Starting with the line that mentions "Kunsthalle2.jpeg", repeat each line verbatim until the entries end, both ends included.

:: Dataset extract ::

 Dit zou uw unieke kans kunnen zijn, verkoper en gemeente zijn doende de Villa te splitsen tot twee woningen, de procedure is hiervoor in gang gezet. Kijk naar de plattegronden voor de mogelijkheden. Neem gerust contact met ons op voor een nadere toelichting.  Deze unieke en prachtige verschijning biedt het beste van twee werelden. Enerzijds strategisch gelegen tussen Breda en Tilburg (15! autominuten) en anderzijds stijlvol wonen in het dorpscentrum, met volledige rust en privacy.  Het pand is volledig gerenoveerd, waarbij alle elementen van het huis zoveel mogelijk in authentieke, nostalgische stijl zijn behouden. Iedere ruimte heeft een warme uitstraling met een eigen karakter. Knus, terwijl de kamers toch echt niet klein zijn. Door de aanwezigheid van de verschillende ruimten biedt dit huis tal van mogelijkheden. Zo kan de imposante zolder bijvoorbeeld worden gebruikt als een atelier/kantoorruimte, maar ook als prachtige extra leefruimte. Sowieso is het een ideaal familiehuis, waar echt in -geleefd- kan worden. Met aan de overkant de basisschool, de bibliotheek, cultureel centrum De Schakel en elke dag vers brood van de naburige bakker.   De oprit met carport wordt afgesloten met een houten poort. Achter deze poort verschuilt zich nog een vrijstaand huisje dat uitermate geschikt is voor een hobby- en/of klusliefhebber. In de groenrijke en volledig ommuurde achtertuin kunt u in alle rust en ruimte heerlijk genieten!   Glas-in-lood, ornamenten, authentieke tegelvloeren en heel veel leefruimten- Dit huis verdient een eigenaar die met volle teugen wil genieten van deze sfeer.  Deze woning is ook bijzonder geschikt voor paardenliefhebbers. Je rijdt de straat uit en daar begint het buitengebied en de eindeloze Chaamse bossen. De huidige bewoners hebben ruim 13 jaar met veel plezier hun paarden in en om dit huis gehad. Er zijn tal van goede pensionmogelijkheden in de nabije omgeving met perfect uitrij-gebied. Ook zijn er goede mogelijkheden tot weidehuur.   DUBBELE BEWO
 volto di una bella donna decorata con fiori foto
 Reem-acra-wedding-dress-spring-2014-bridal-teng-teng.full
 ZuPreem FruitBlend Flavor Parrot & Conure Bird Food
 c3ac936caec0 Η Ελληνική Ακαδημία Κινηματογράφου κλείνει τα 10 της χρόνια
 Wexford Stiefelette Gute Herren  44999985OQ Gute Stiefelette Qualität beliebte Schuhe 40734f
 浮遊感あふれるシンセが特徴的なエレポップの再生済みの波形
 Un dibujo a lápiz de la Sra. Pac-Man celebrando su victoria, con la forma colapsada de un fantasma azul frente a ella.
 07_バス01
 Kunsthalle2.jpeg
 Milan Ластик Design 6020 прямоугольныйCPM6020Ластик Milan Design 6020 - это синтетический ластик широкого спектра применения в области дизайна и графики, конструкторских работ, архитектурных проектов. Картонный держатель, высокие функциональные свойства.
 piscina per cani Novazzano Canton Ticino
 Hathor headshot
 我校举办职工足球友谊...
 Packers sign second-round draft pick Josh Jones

:::

Solution to this exercise
 Kunsthalle2.jpeg
 Milan Ластик Design 6020 прямоугольныйCPM6020Ластик Milan Design 6020 - это синтетический ластик широкого спектра применения в области дизайна и графики, конструкторских работ, архитектурных проектов. Картонный держатель, высокие функциональные свойства.
 piscina per cani Novazzano Canton Ticino
 Hathor headshot
 我校举办职工足球友谊...
 Packers sign second-round draft pick Josh Jones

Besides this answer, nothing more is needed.